**Material provided**
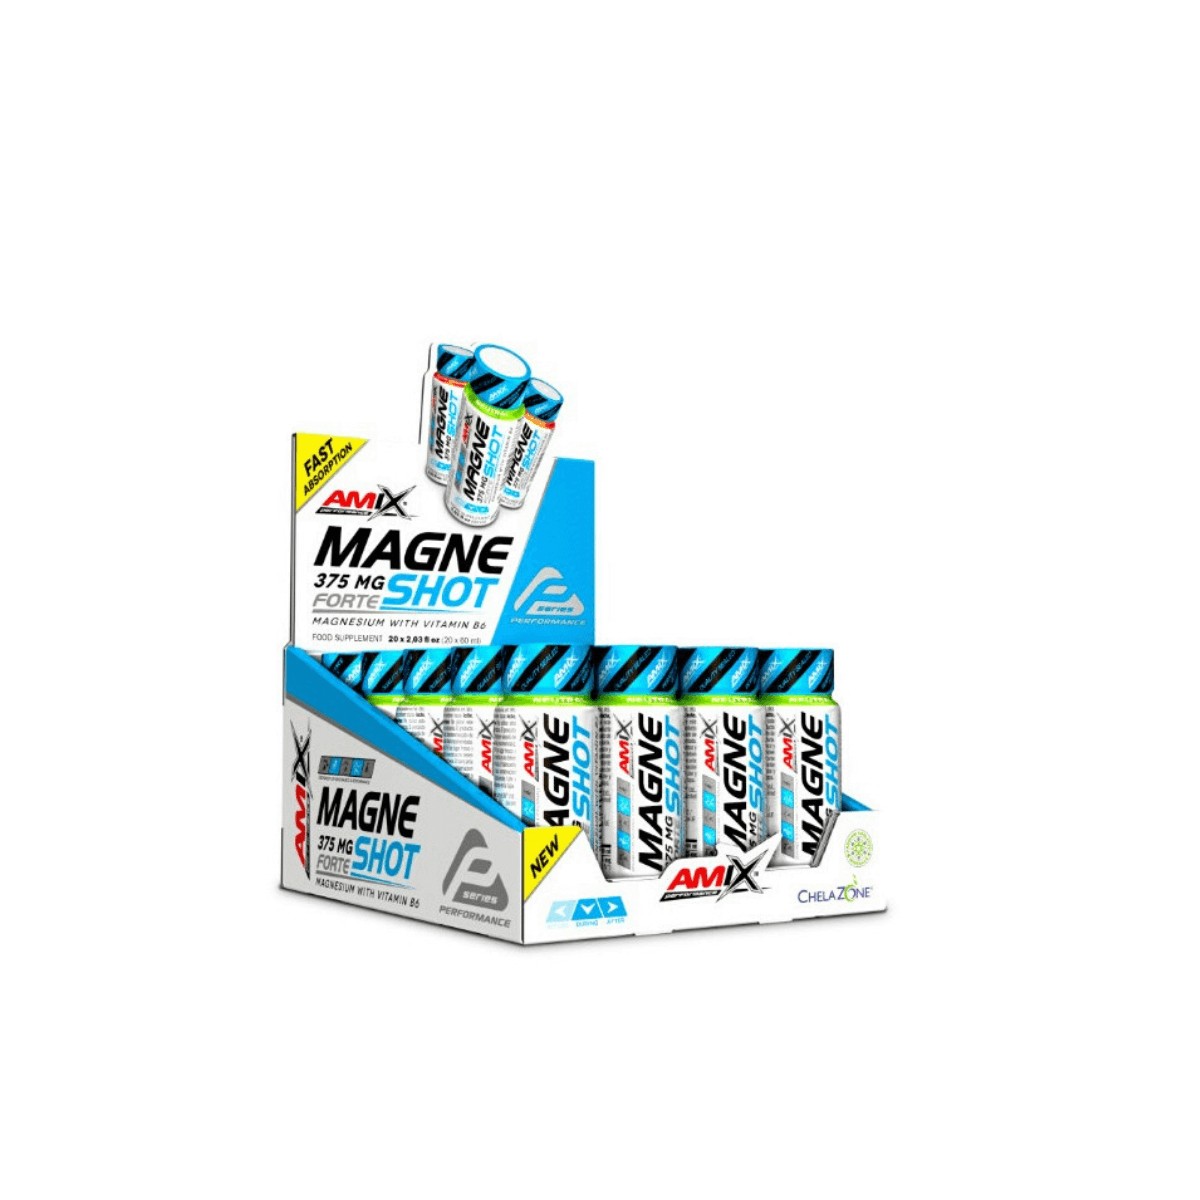 Pro Neu günstig Kaufen-AMIX MagneShot Forte Mango 375 MG 20x60ML. AMIX MagneShot Forte Mango 375 MG 20x60ML <![CDATA[AMIX MagneShot Forte Mango 375 MG 20x60ML AMIX Performance MagneShot Forte 375 mg ist ein neues Produkt AMIX PERFORMANCE, ein ultrakonzentriertes Magnesium, das 
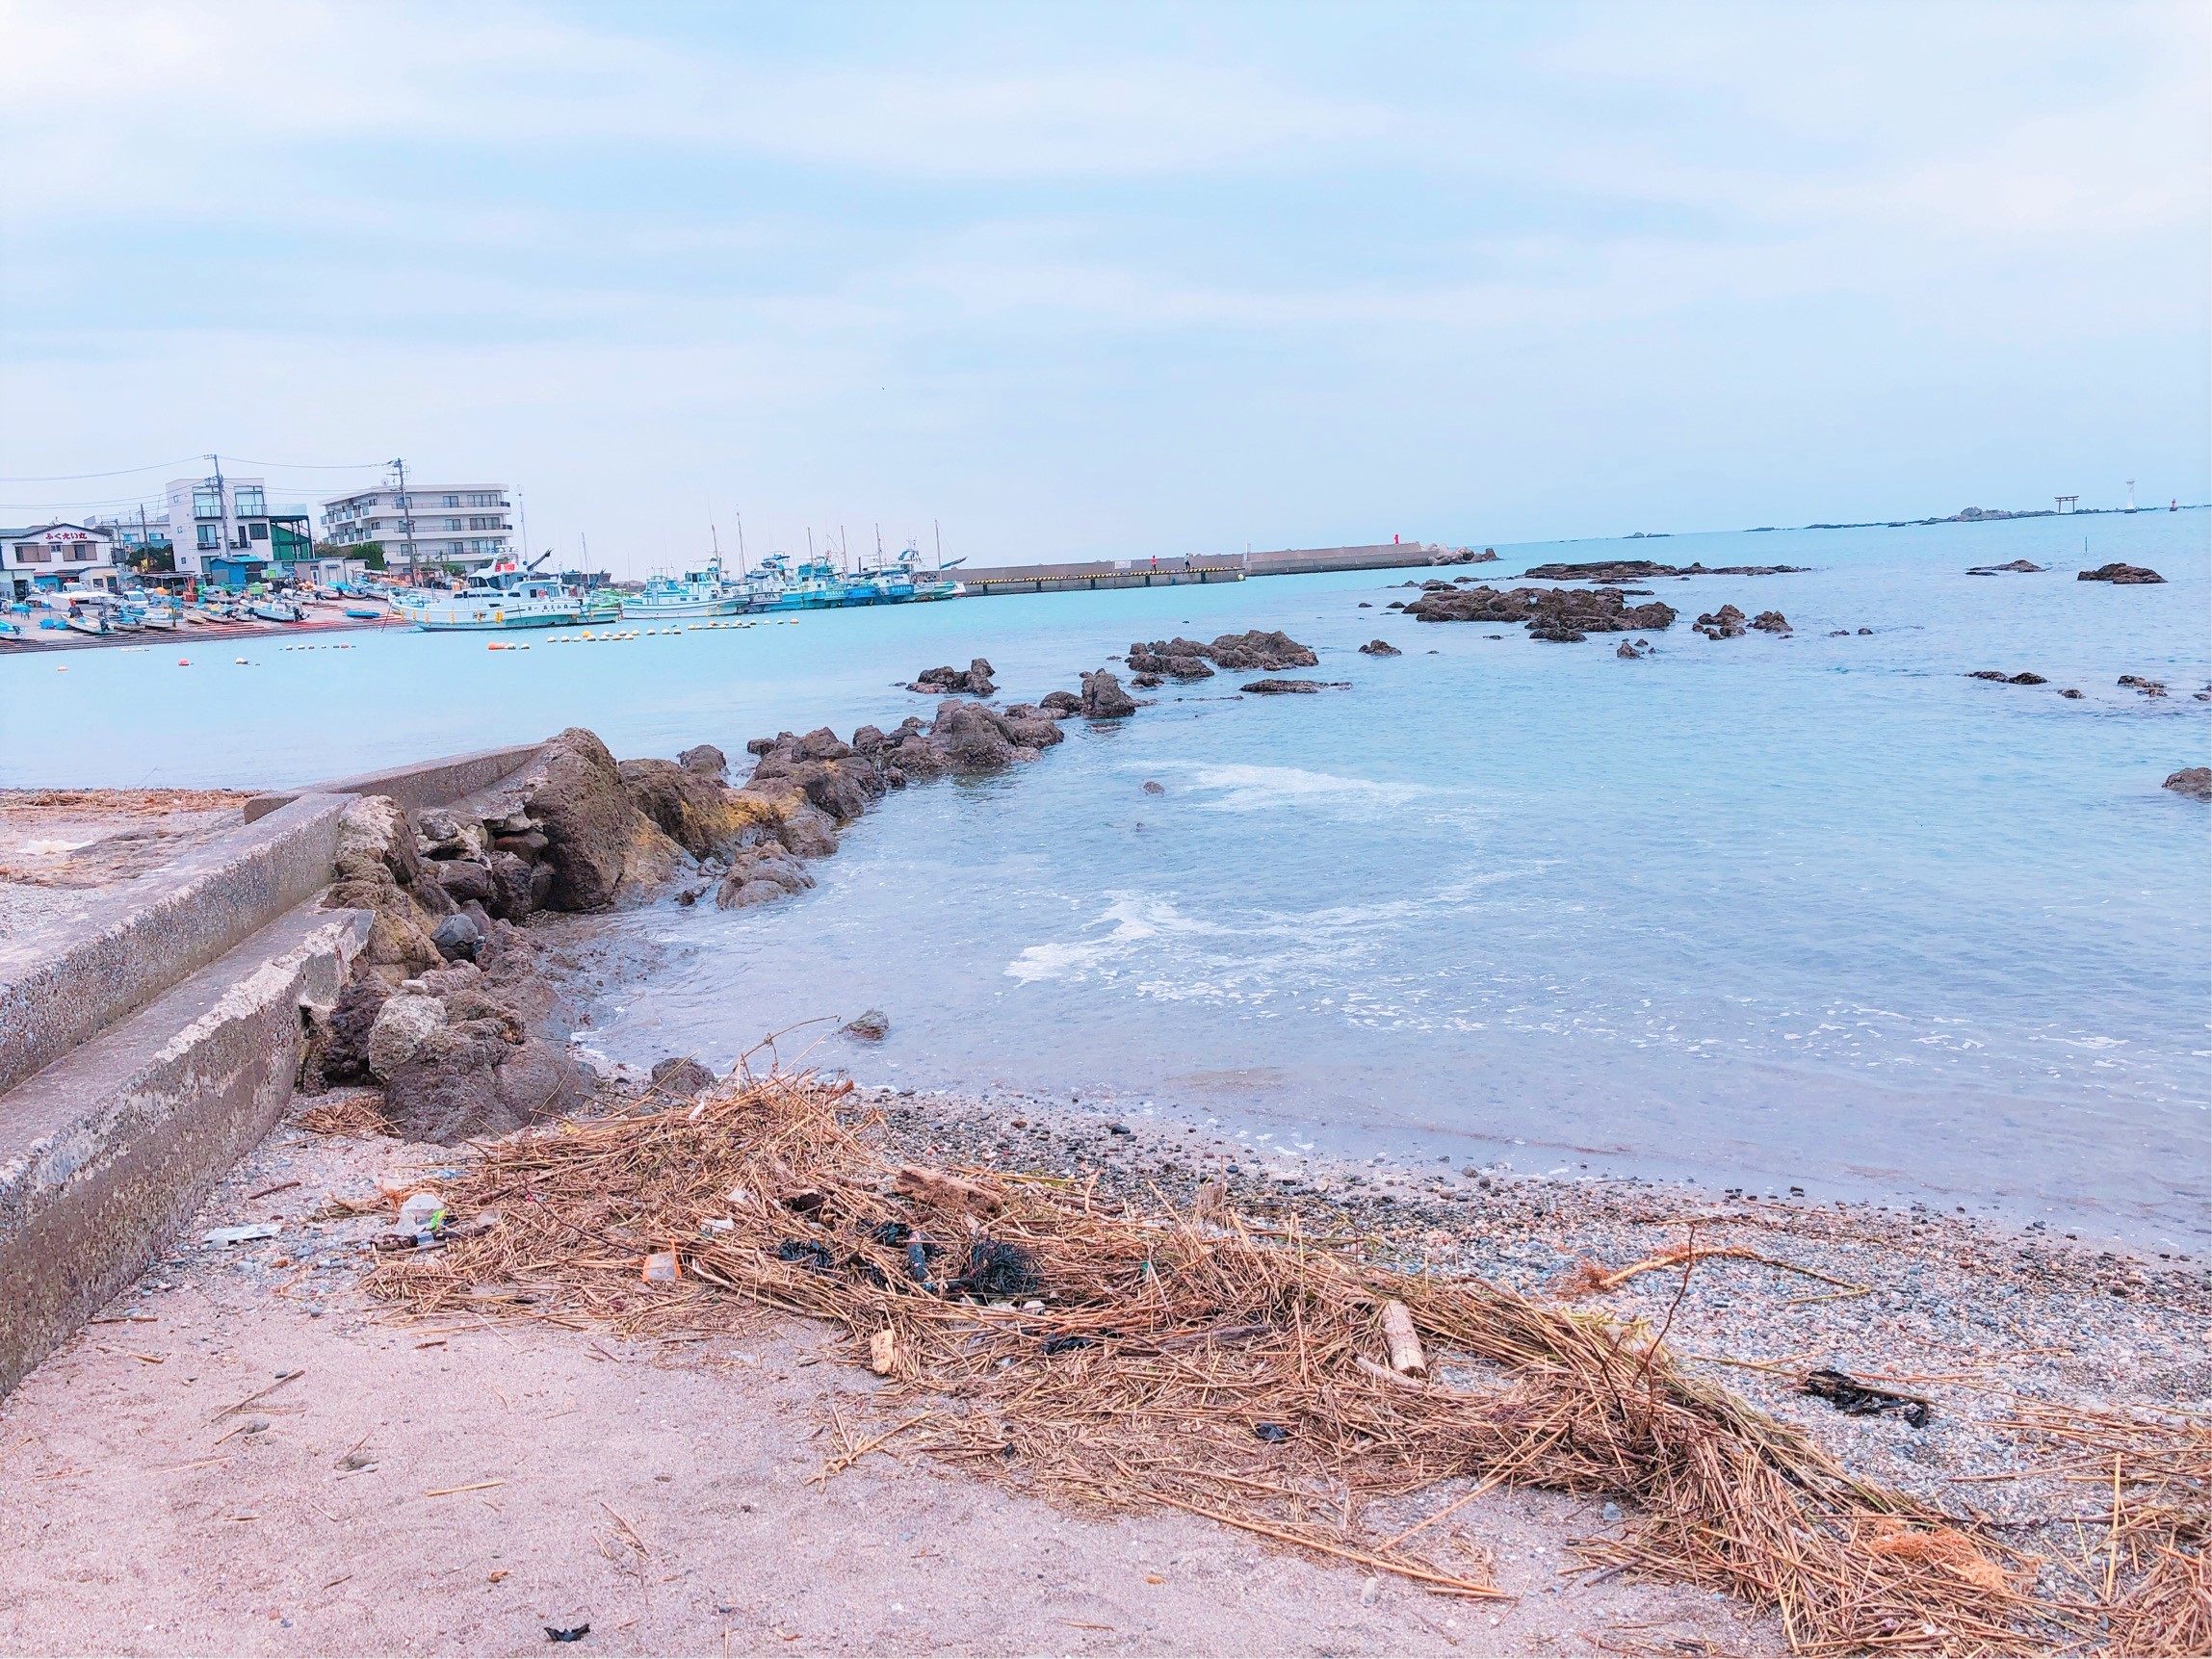 真名瀬海岸。街並みと海の色、ごつごつした石が多い砂浜の対比が素敵。
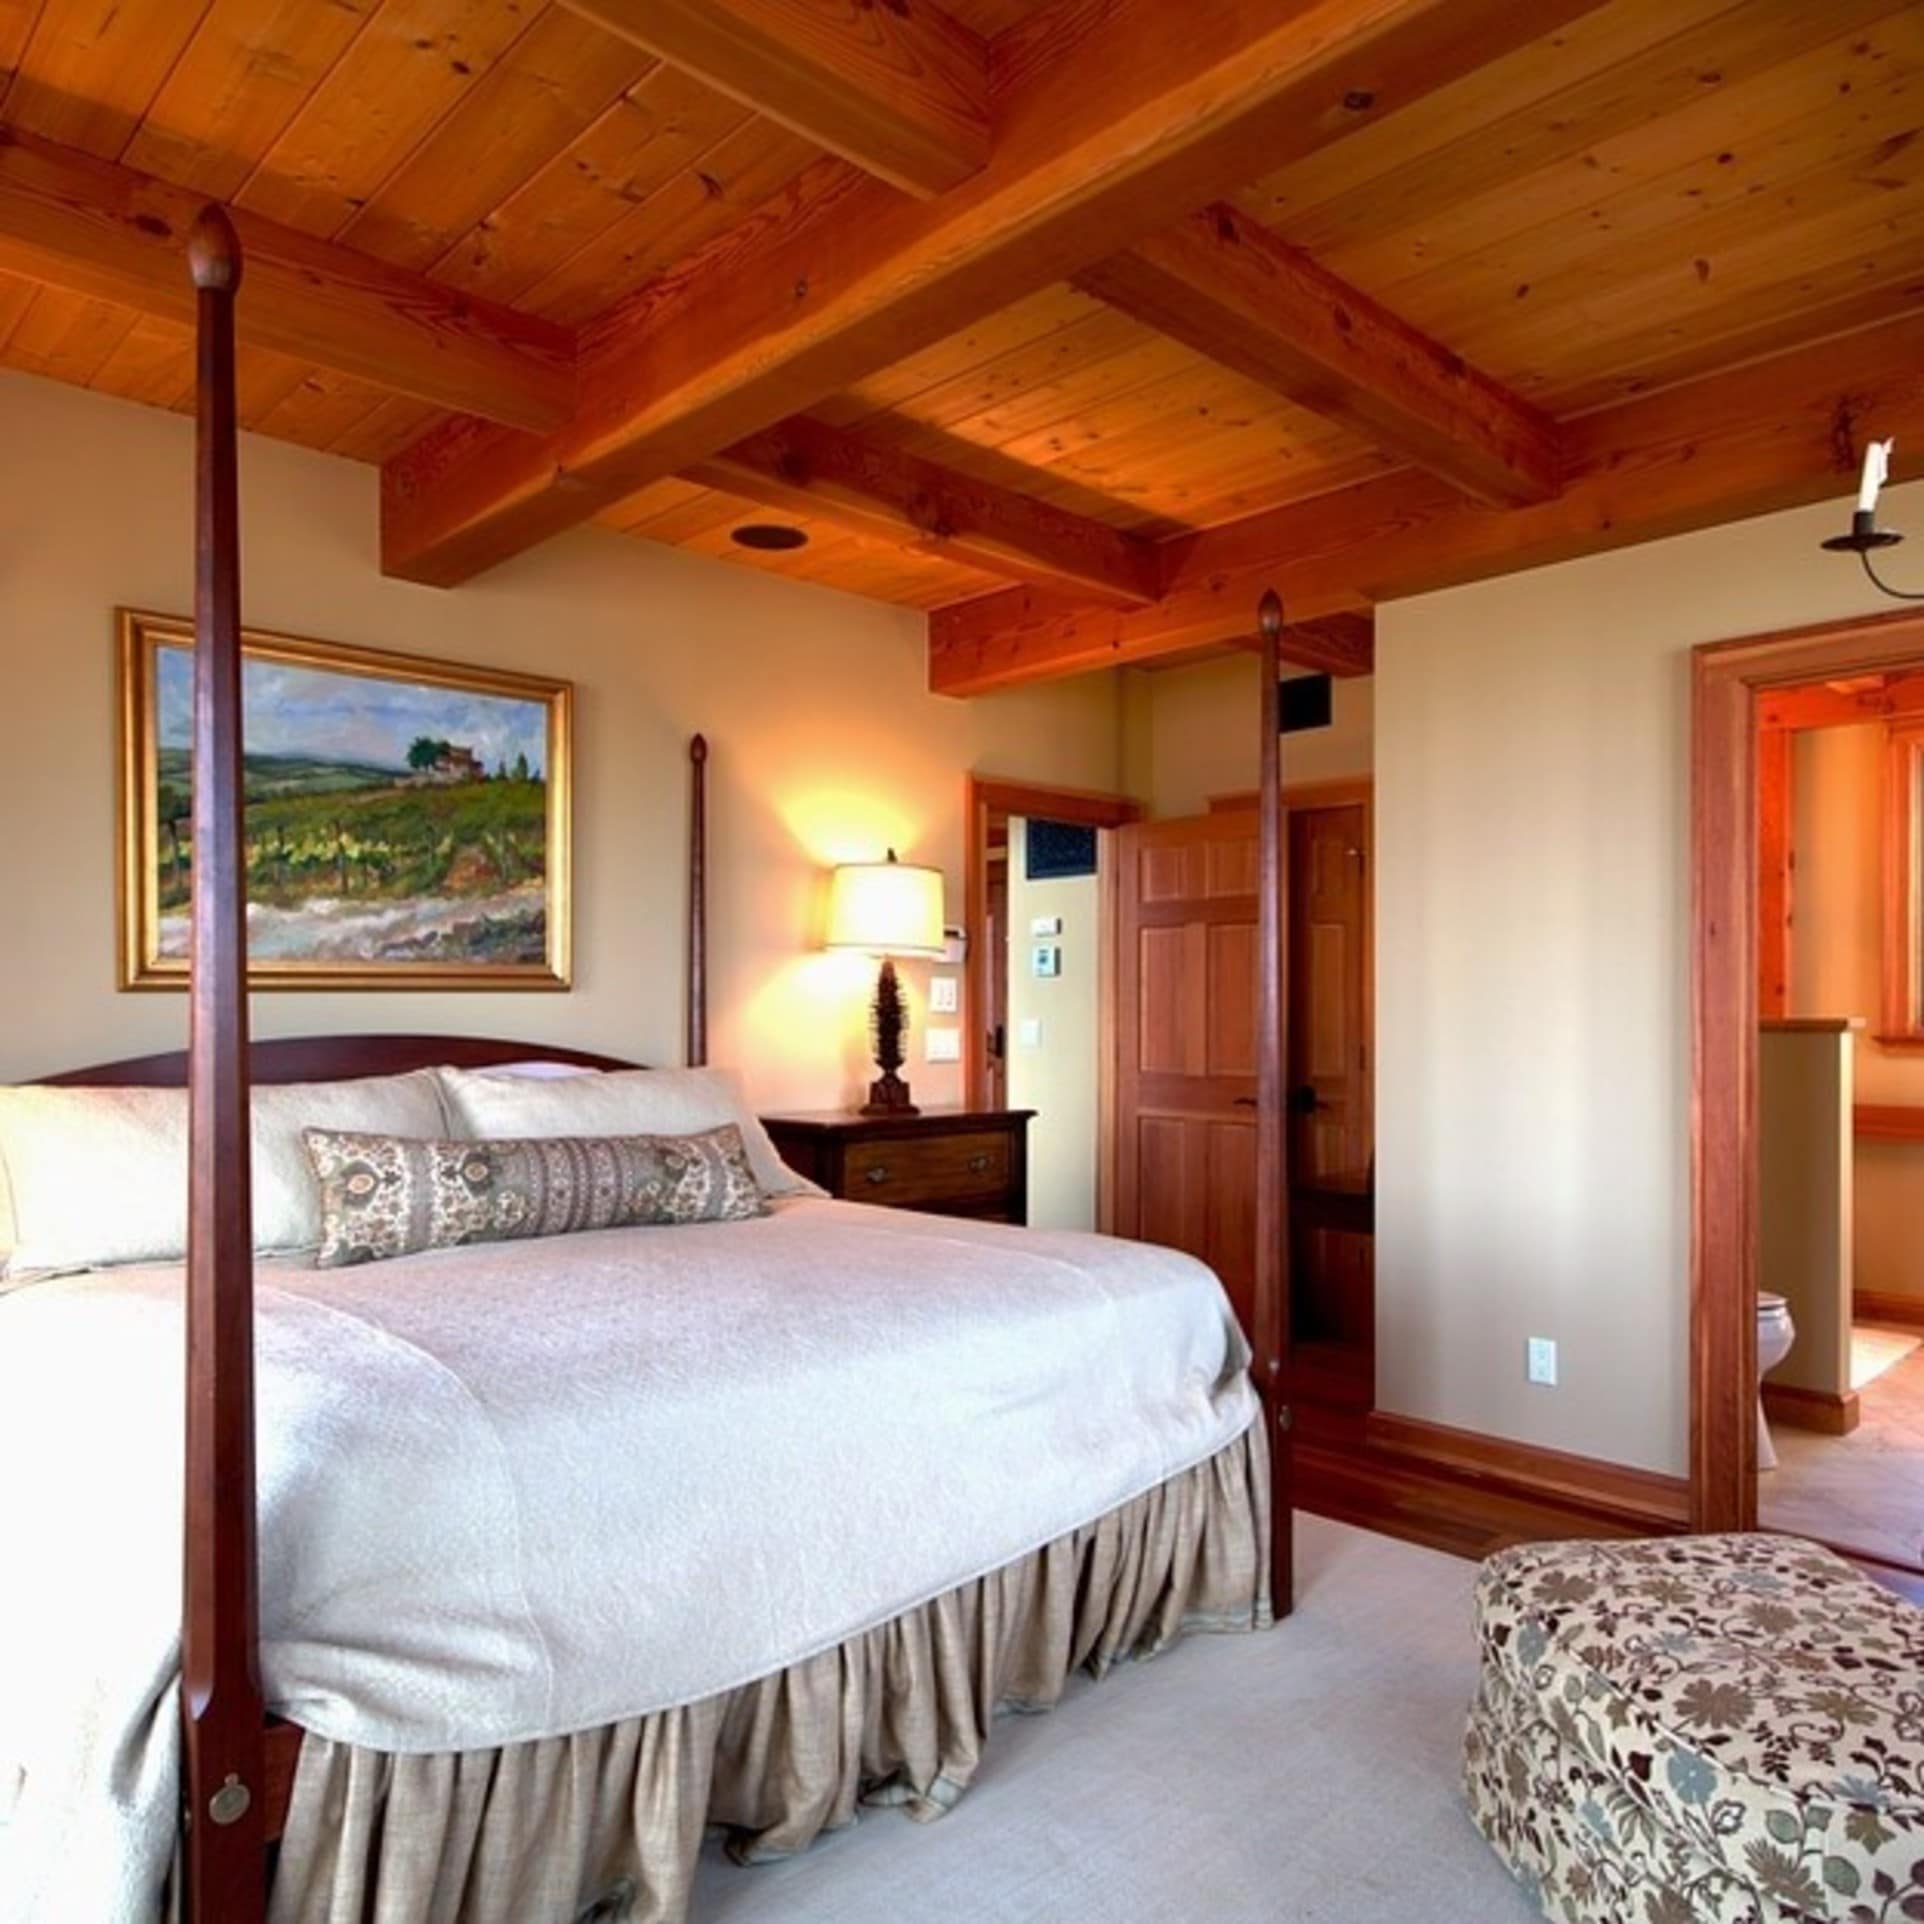 Dunkles und helles Holz verleihen diesem Schlafzimmer einen ländlichen und doch edlen Charme

**What the exercise asks**
Output the data above exactly, excluding images.

**The answer**
 Pro Neu günstig Kaufen-AMIX MagneShot Forte Mango 375 MG 20x60ML. AMIX MagneShot Forte Mango 375 MG 20x60ML <![CDATA[AMIX MagneShot Forte Mango 375 MG 20x60ML AMIX Performance MagneShot Forte 375 mg ist ein neues Produkt AMIX PERFORMANCE, ein ultrakonzentriertes Magnesium, das 
 真名瀬海岸。街並みと海の色、ごつごつした石が多い砂浜の対比が素敵。
 Dunkles und helles Holz verleihen diesem Schlafzimmer einen ländlichen und doch edlen Charme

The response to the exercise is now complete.